• **Work request**
Type the data below again exactly. Omit all pictures.

• **Collected data**
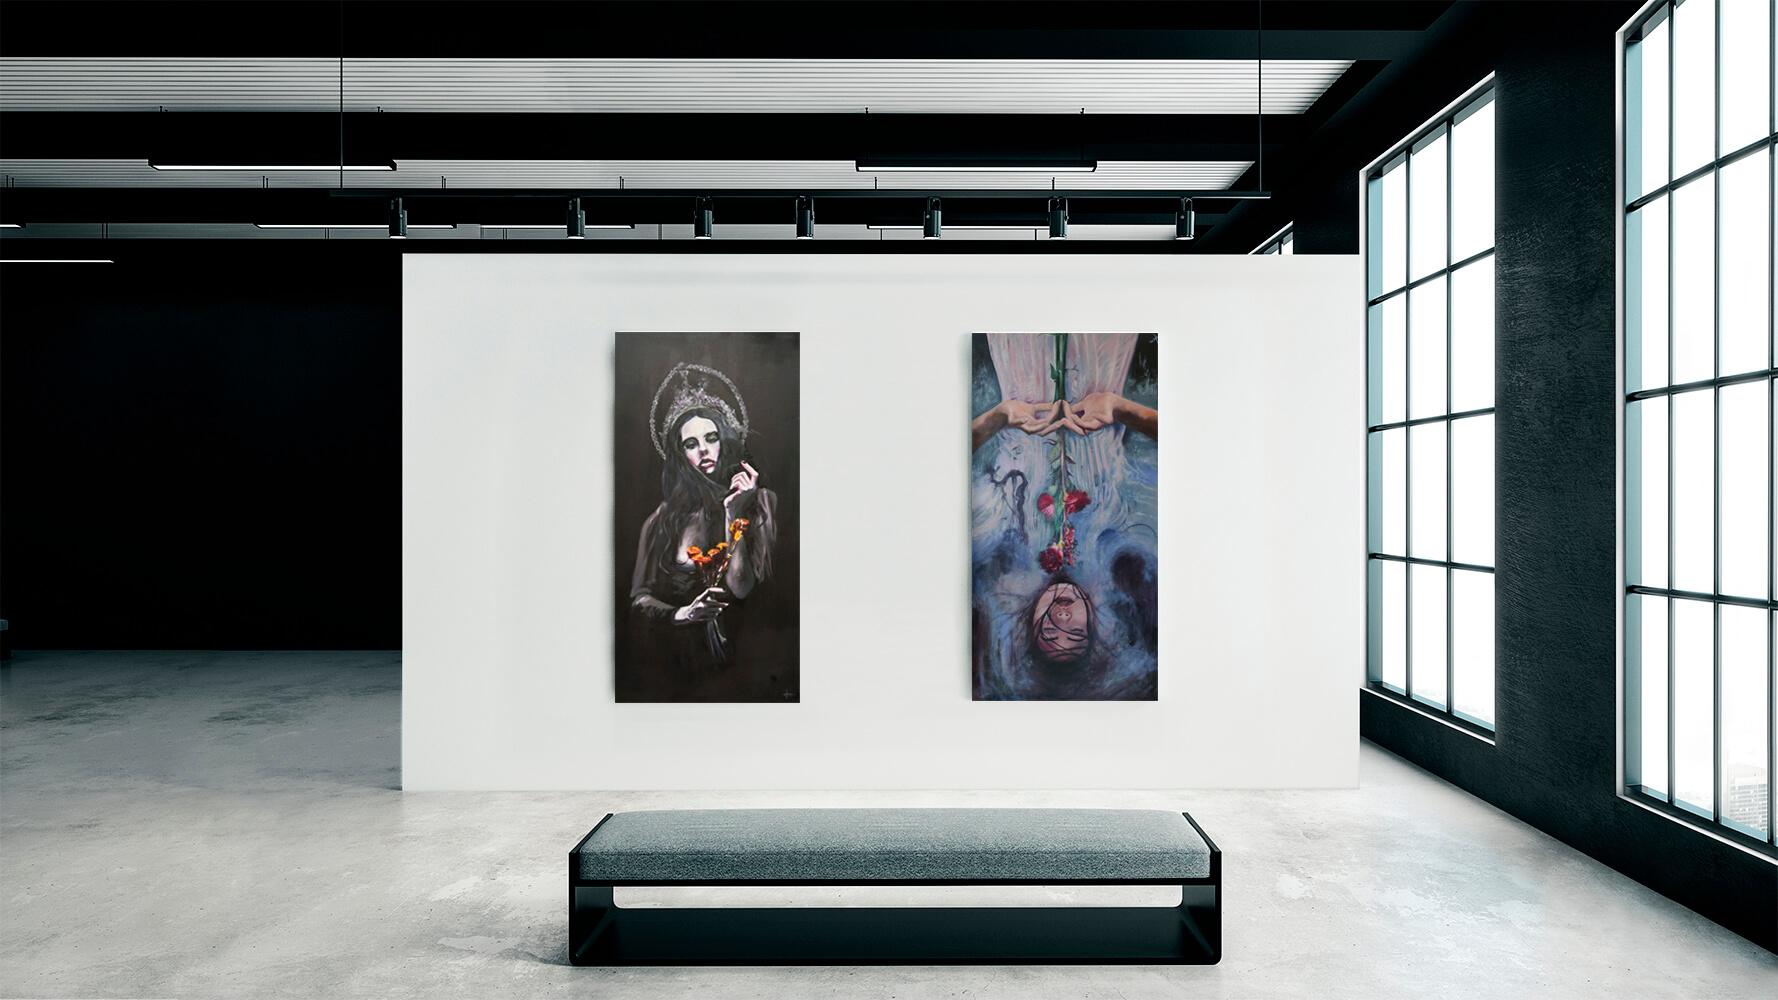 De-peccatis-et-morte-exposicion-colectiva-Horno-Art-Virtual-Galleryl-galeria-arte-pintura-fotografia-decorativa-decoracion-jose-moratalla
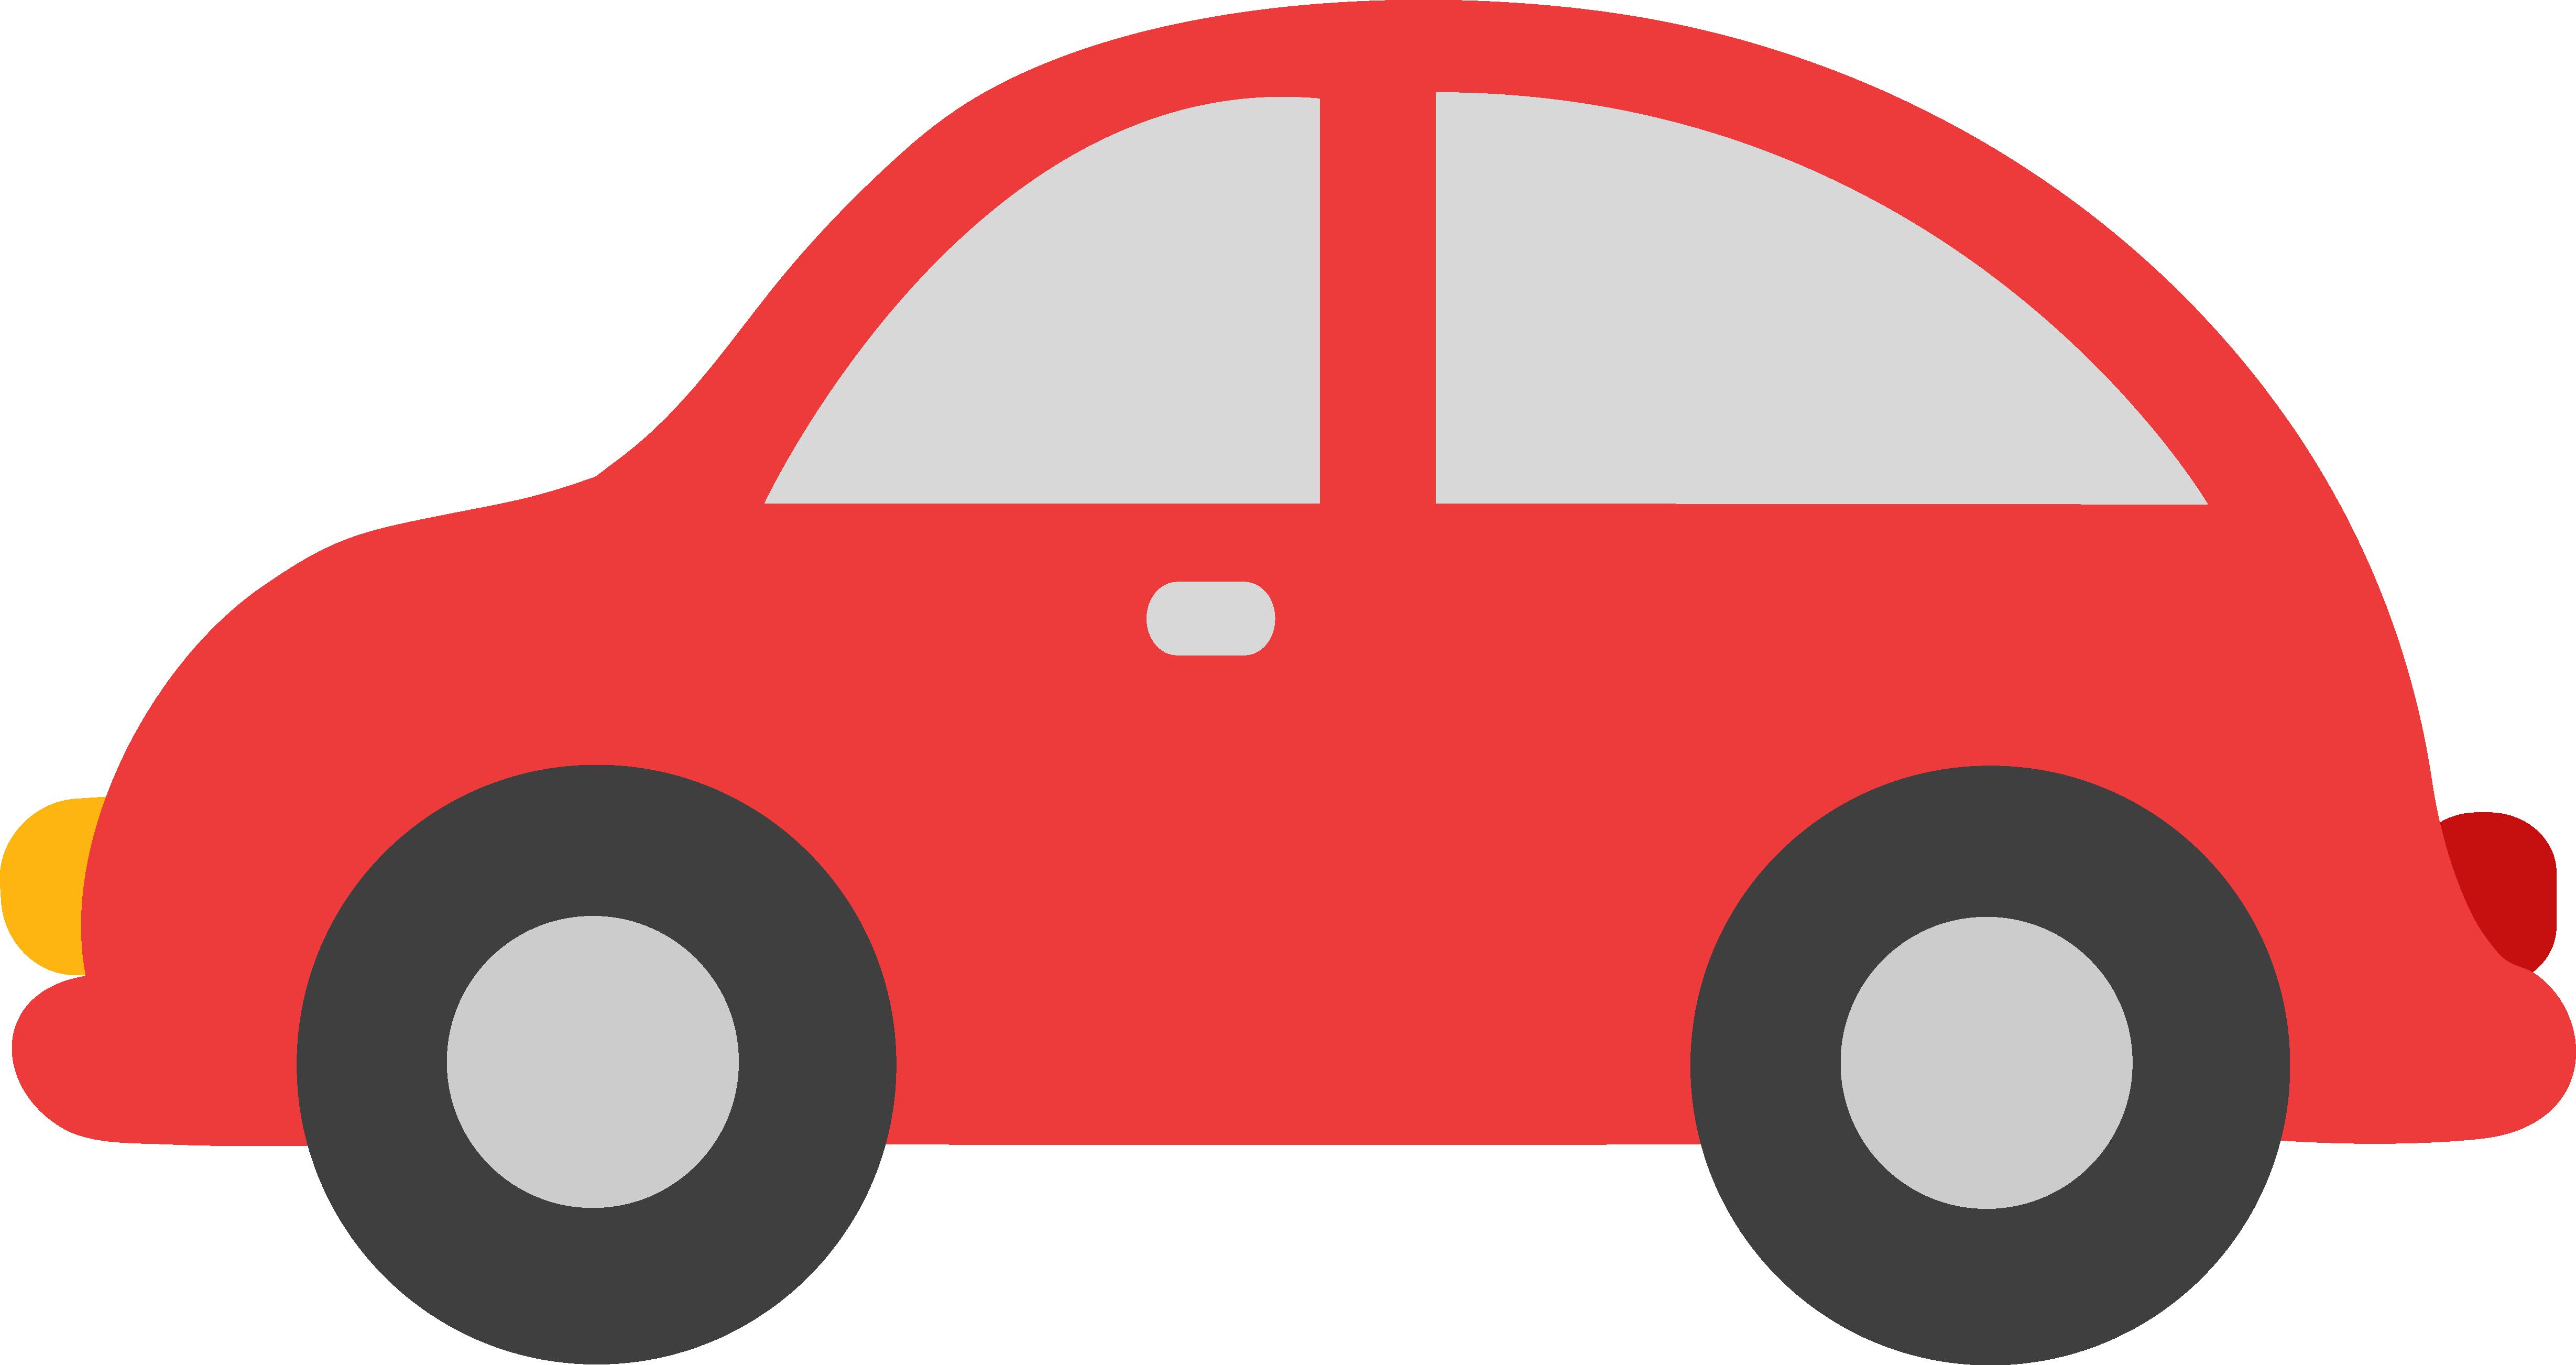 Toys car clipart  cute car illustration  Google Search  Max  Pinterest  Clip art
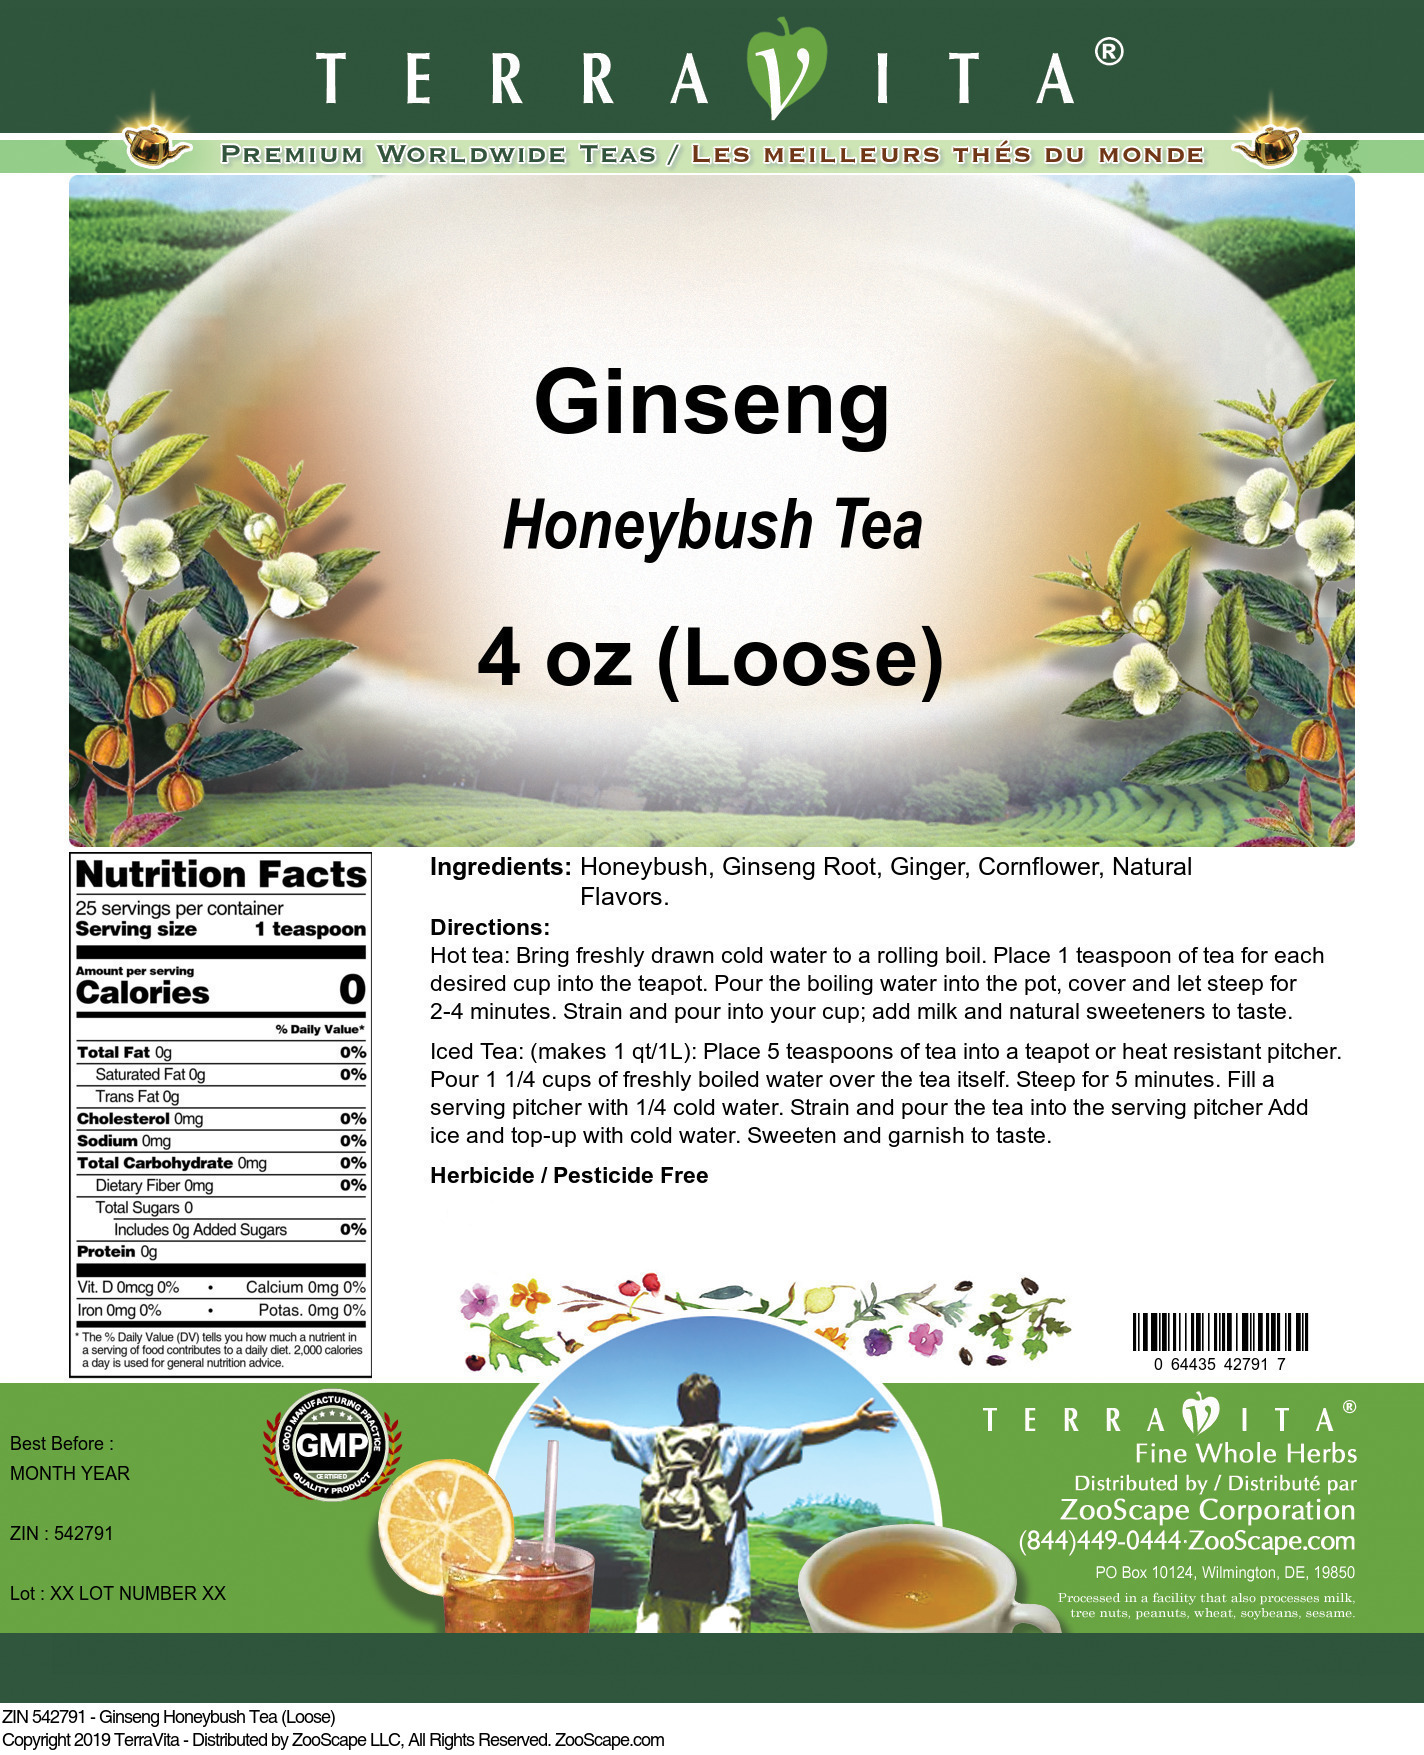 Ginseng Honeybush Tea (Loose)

• **Result of the exercise**
 De-peccatis-et-morte-exposicion-colectiva-Horno-Art-Virtual-Galleryl-galeria-arte-pintura-fotografia-decorativa-decoracion-jose-moratalla
 Toys car clipart  cute car illustration  Google Search  Max  Pinterest  Clip art
 Ginseng Honeybush Tea (Loose)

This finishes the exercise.